AIM OF THE EXERCISE: Line by line, restate the material word for word, omitting any image.

━━━━━ EXERCISE DATA

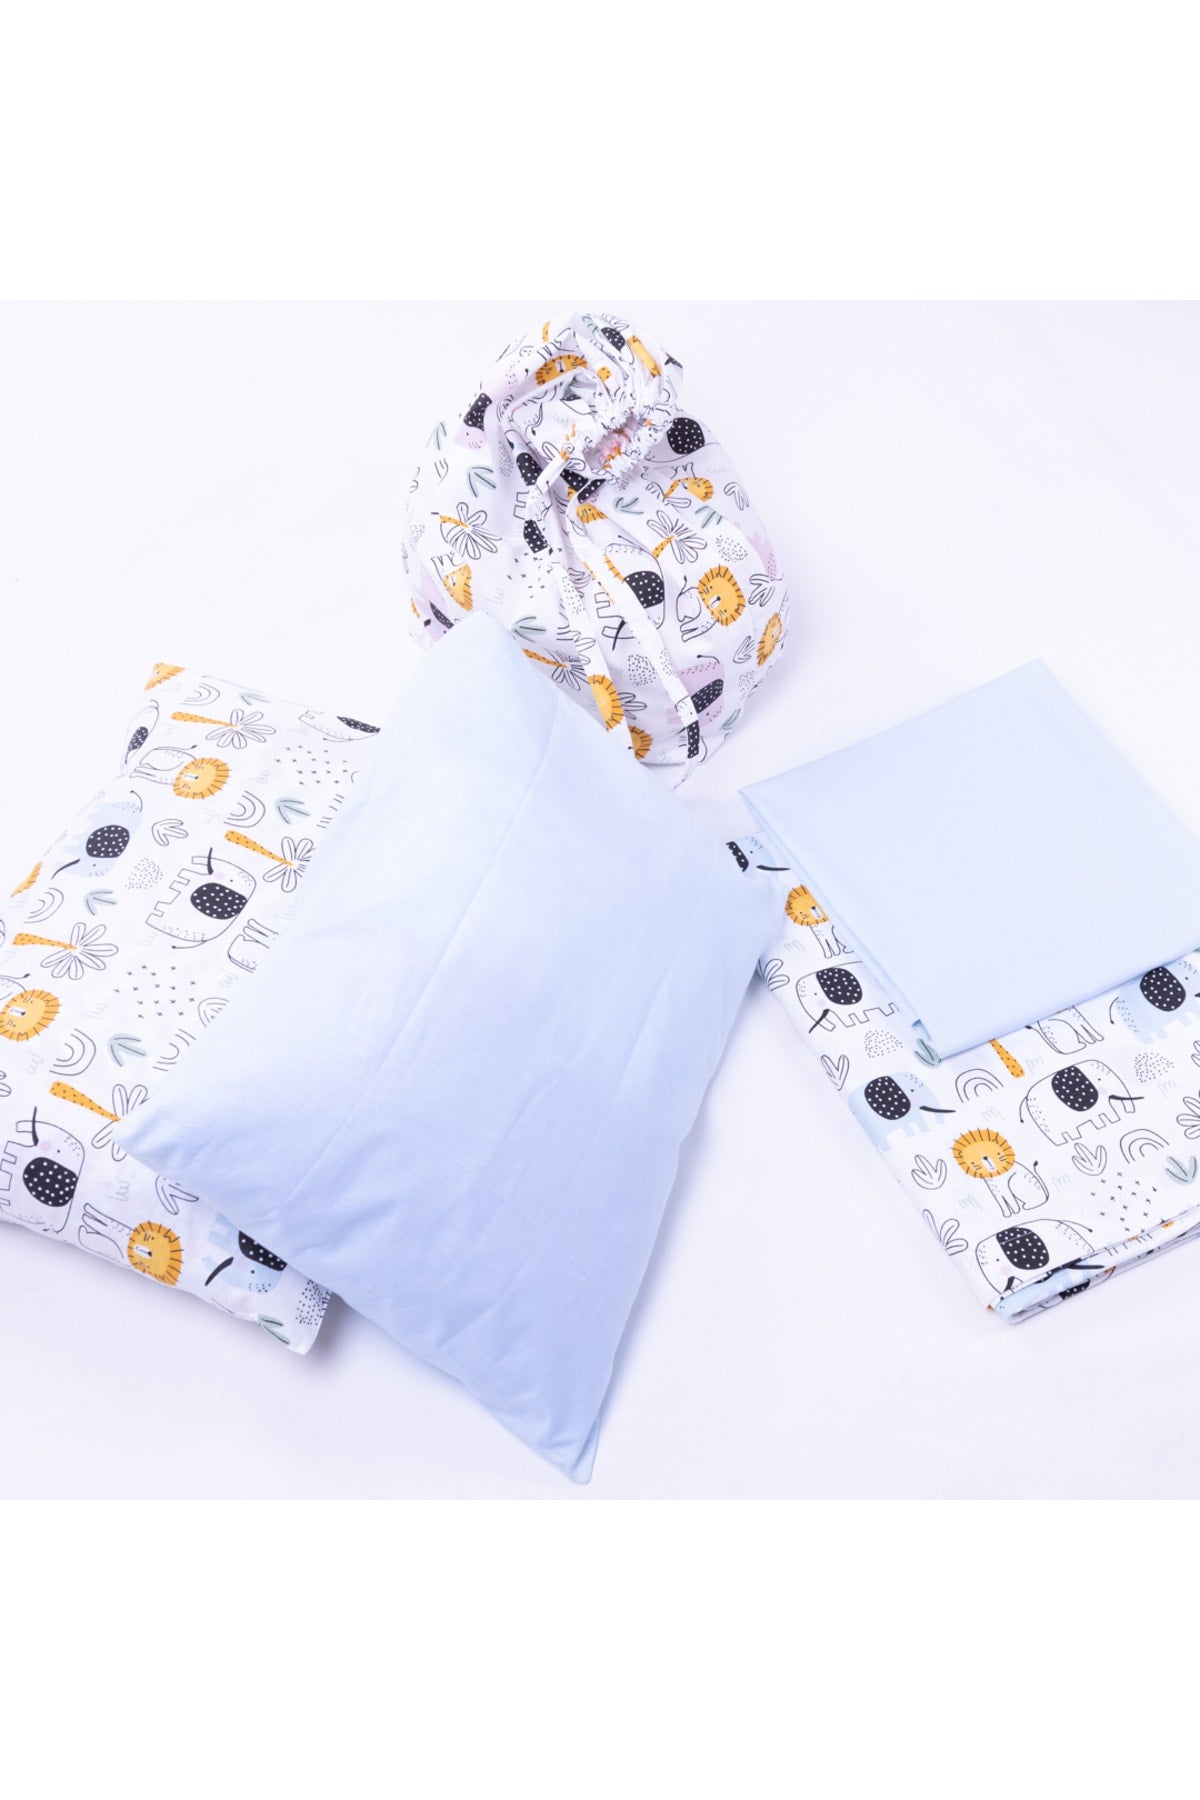 Organic cotton 5-piece baby bedding set (2 pillowcases, 1 duvet cover, 1 bed sheet, 1 soiled towel
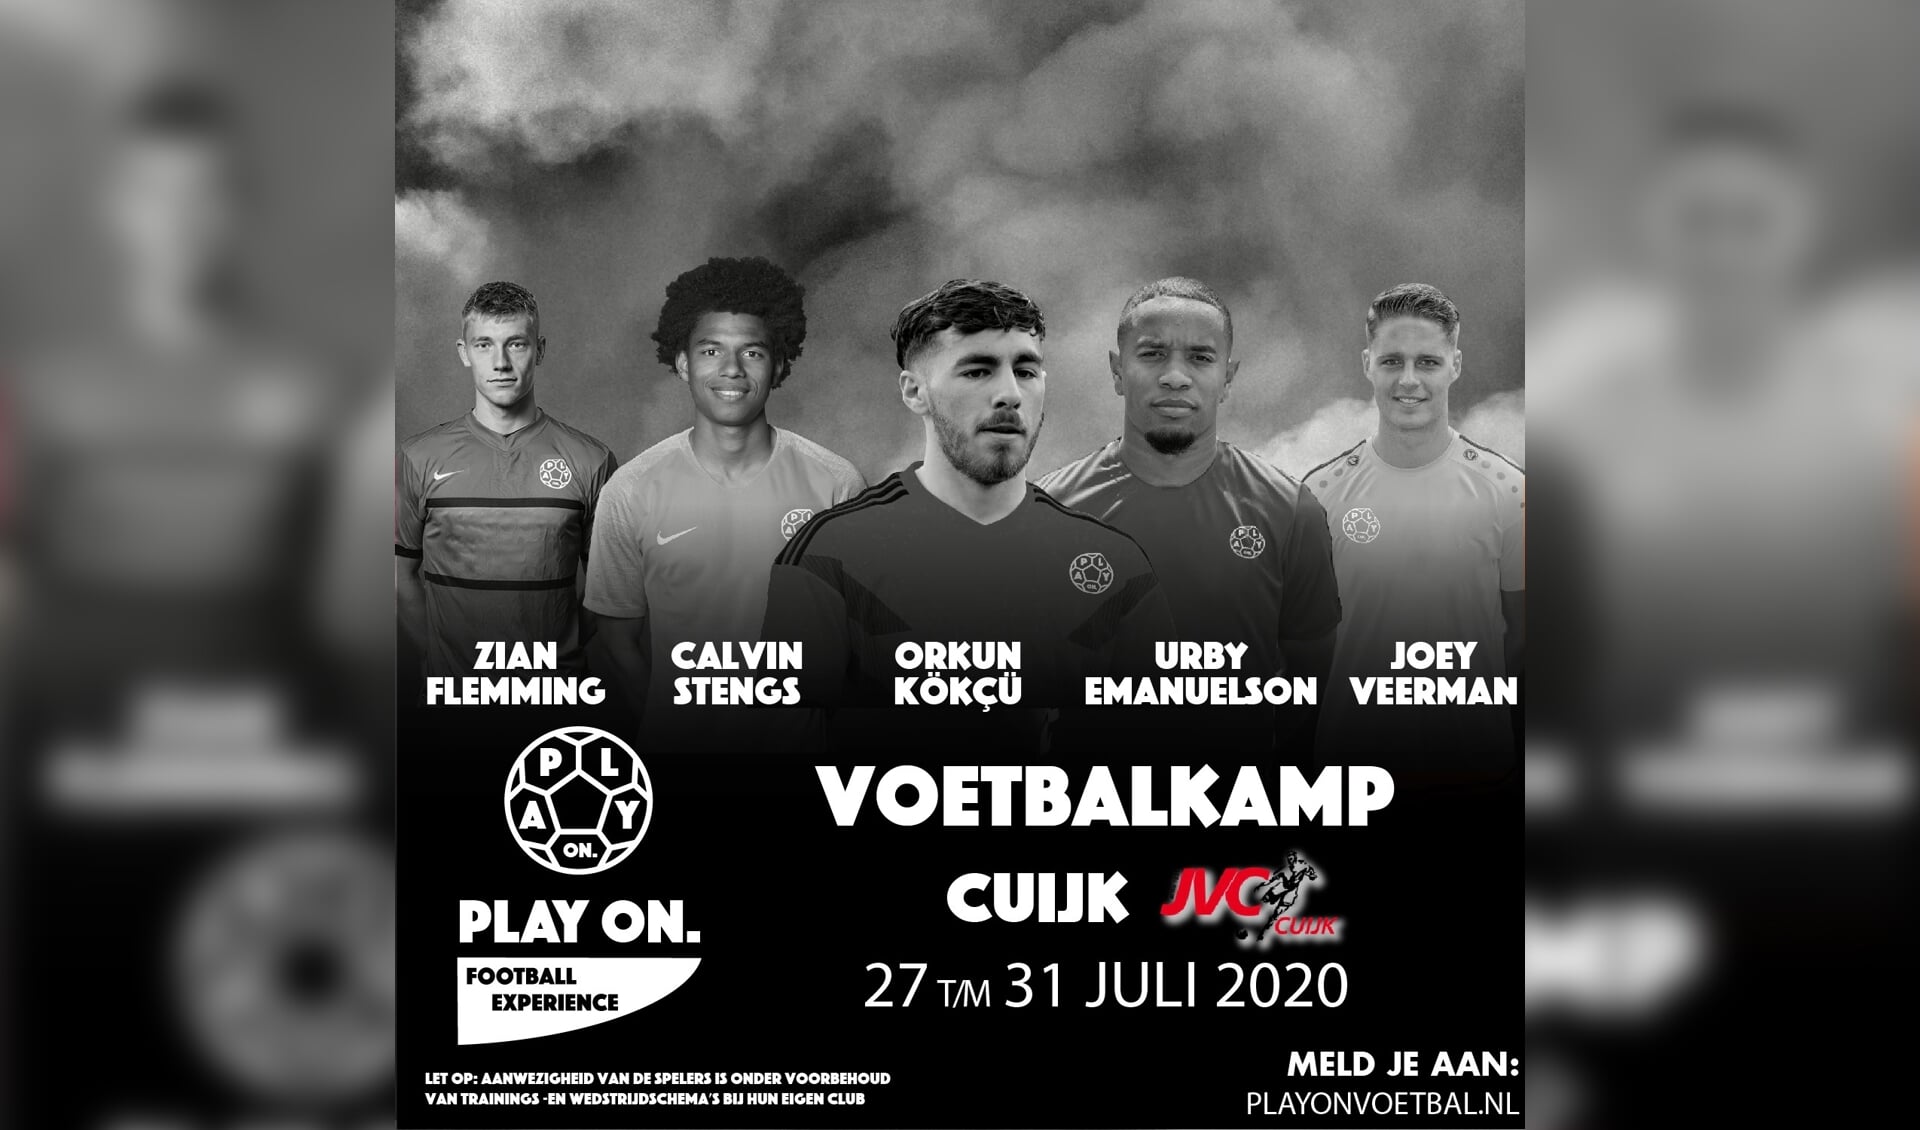 Eredivisievoetballers Orkun Kökcü, Calvin Stengs, Urby Emanuelson, Zian Flemming en Joey Veerman komen naar Cuijk!
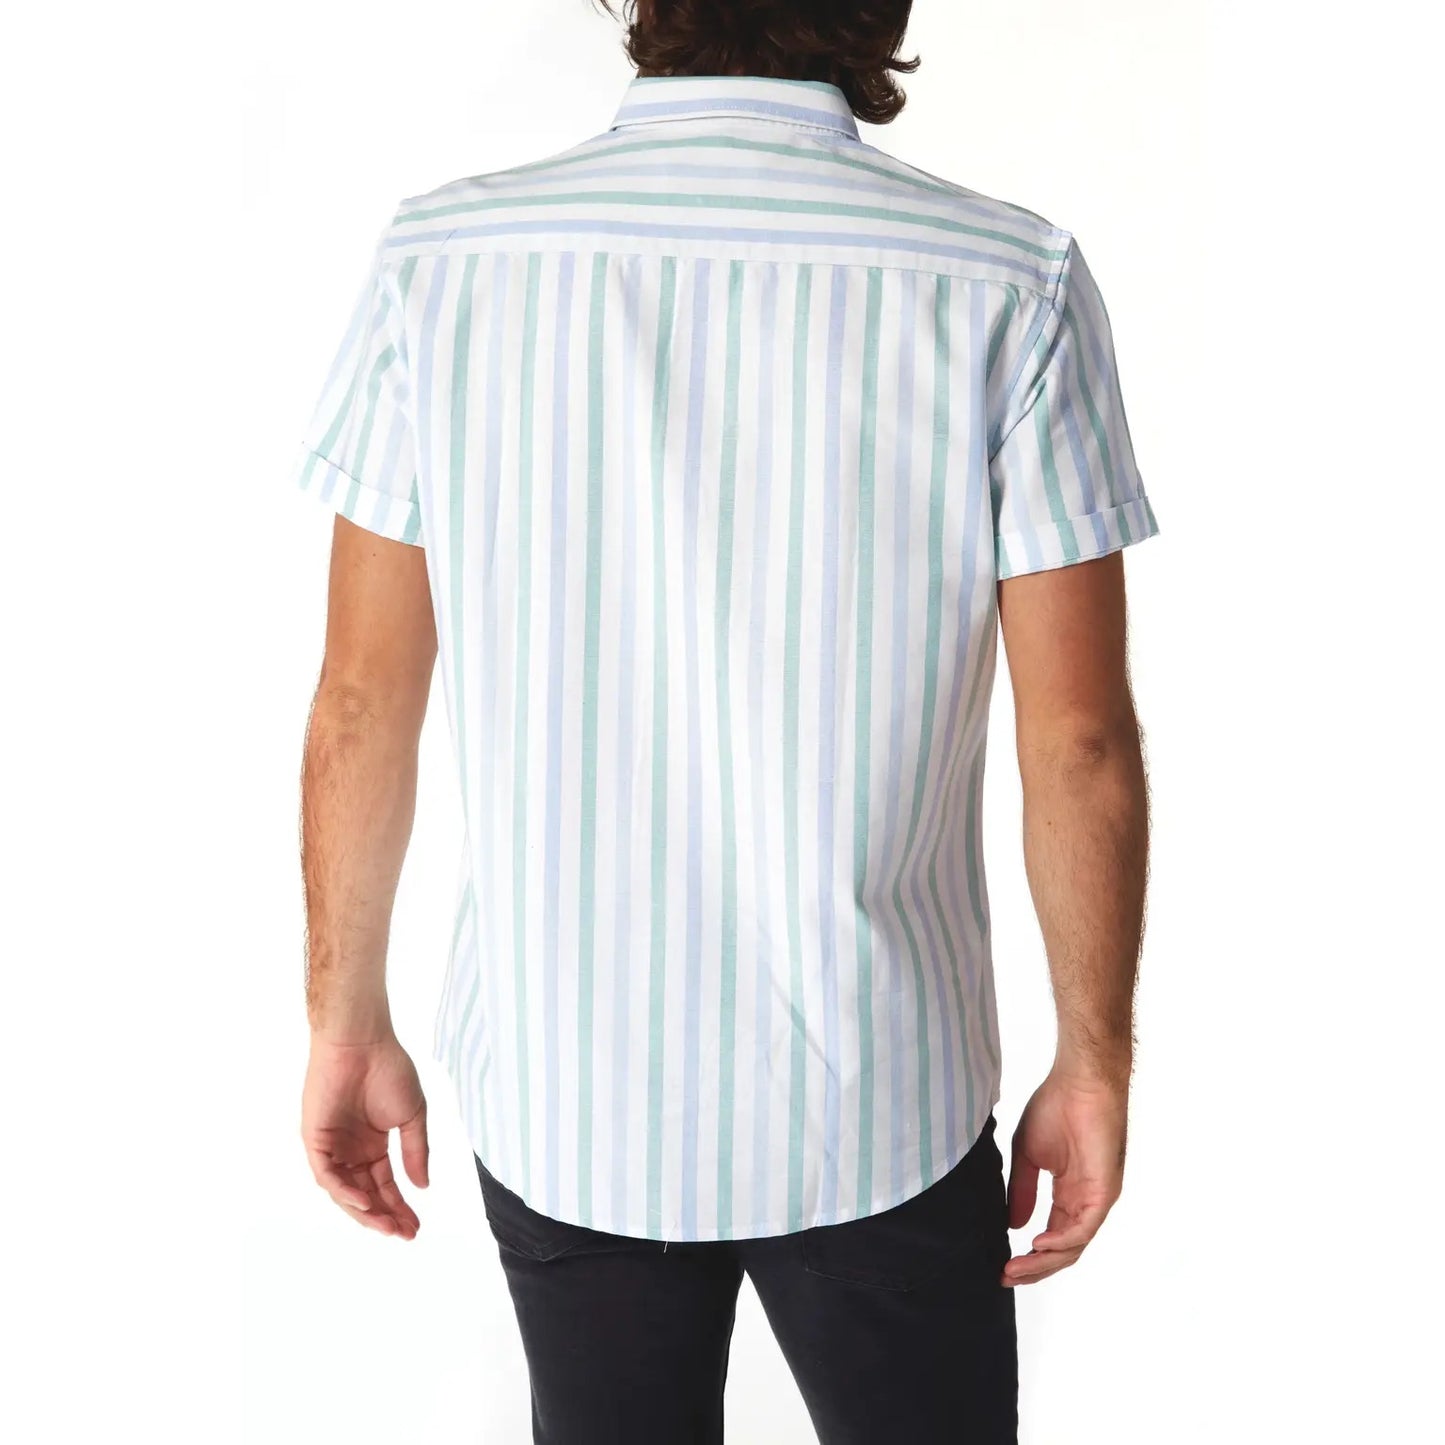 Martin Vertical Striped Shirt - Milo & Lily Boutique
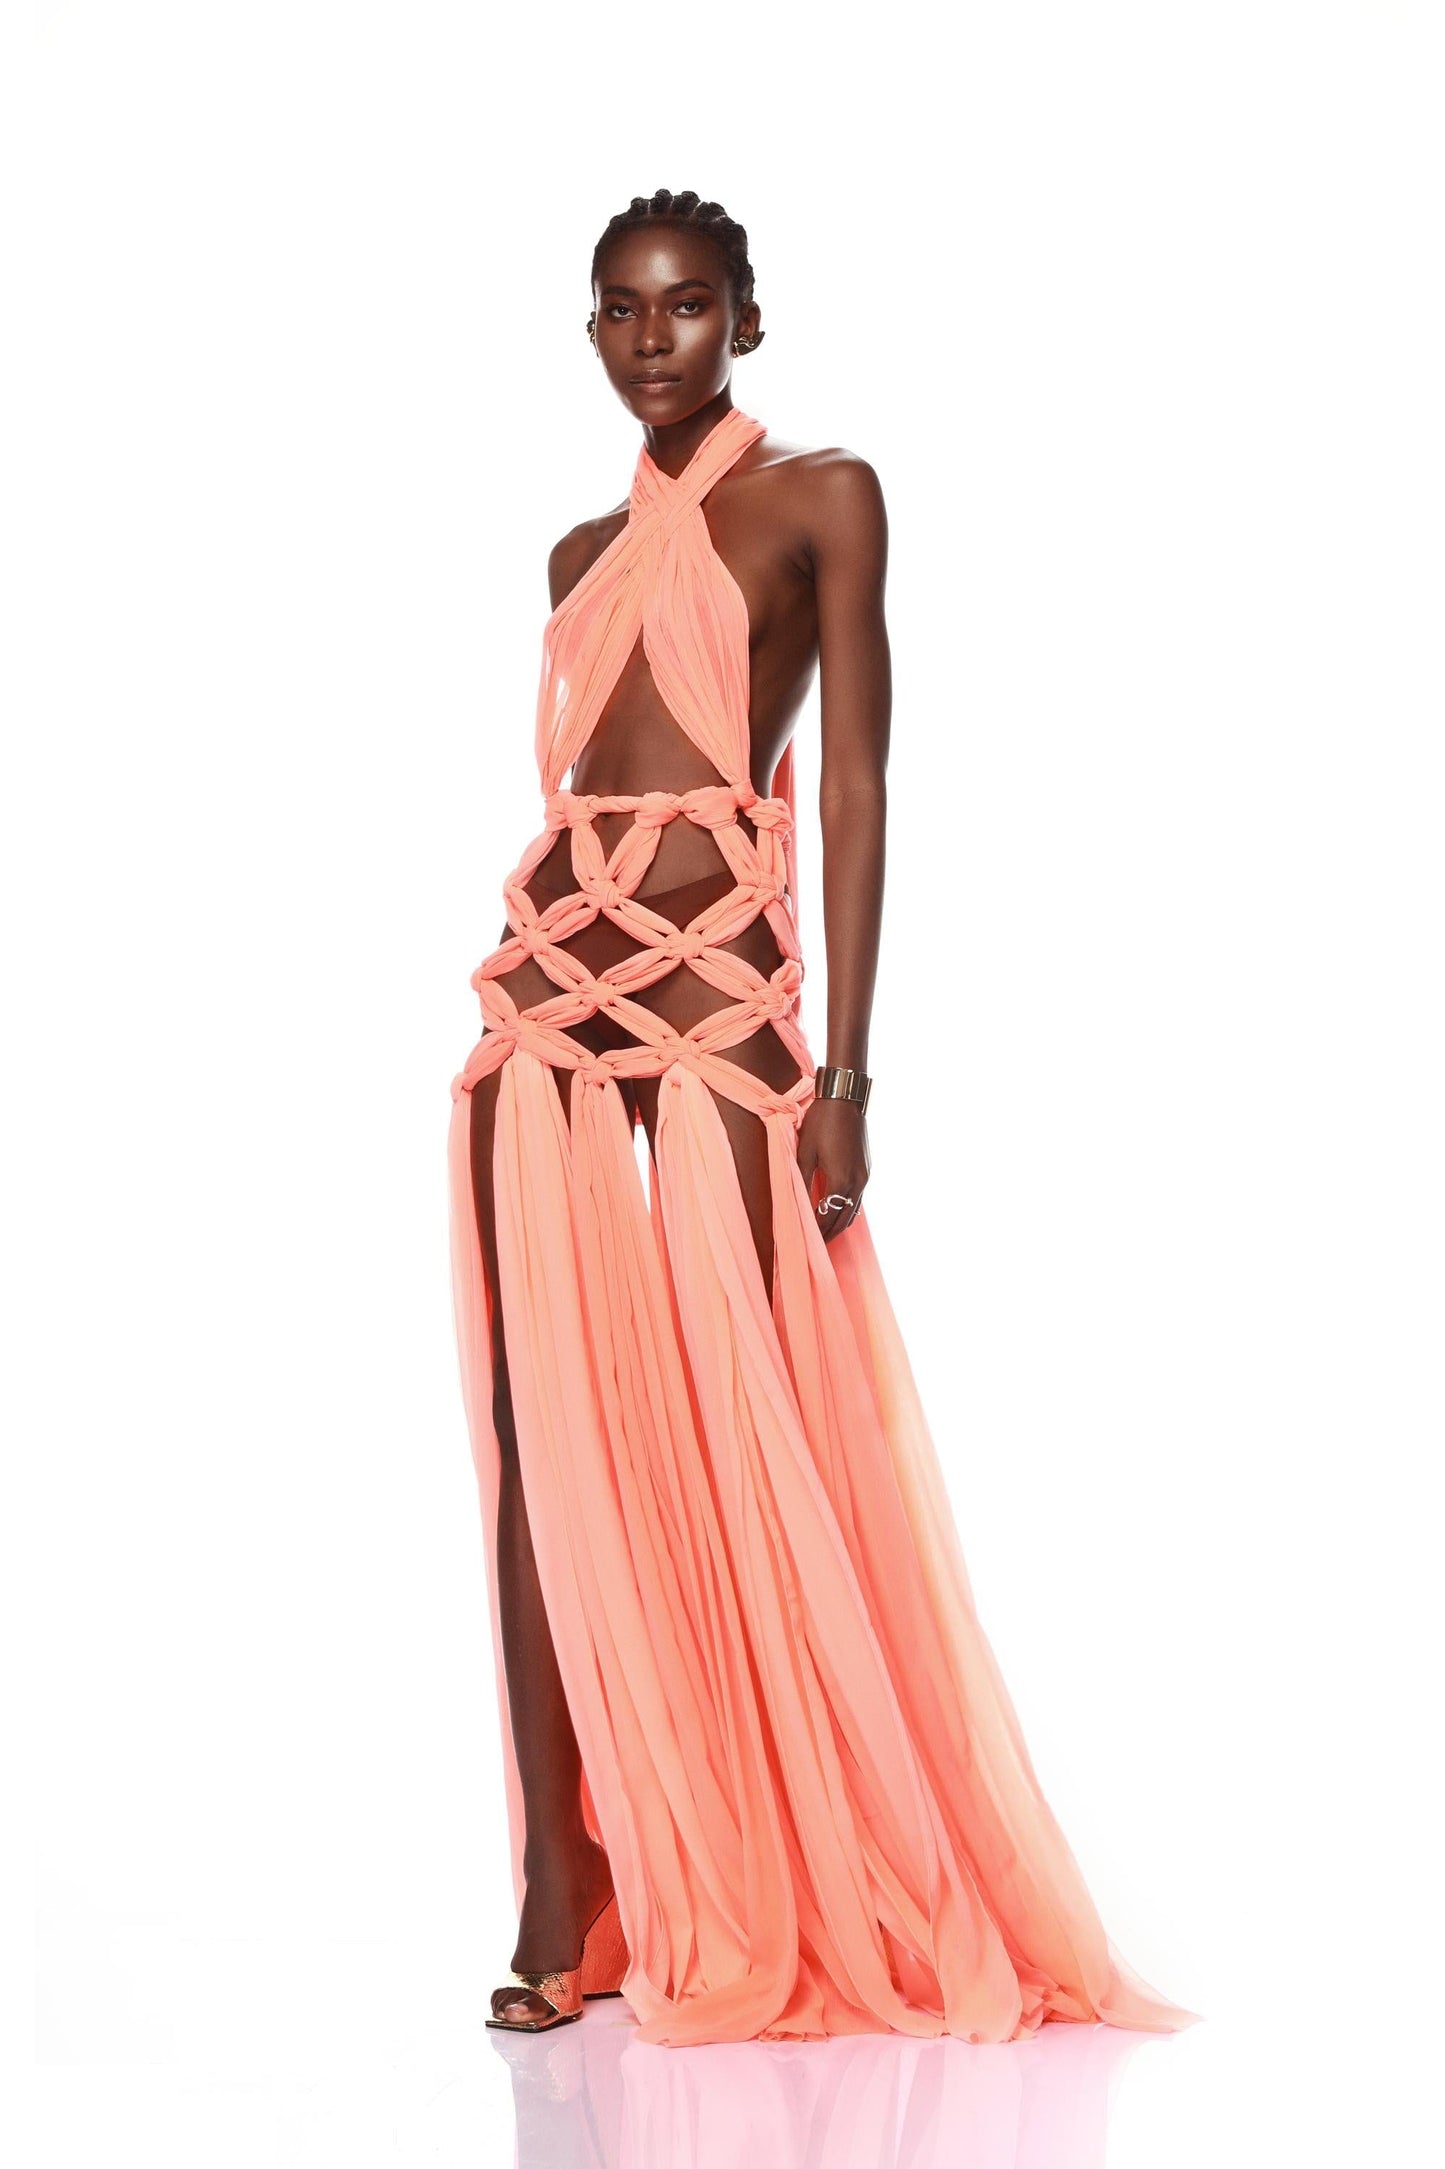 somalia-pink-gown-02

━━━━━━━━━━

EXERCISE OUTPUT:
 Organic cotton 5-piece baby bedding set (2 pillowcases, 1 duvet cover, 1 bed sheet, 1 soiled towel
 Eredivisievoetballers Orkun Kökcü, Calvin Stengs, Urby Emanuelson, Zian Flemming en Joey Veerman komen naar Cuijk!
 Martin Vertical Striped Shirt - Milo & Lily Boutique
 somalia-pink-gown-02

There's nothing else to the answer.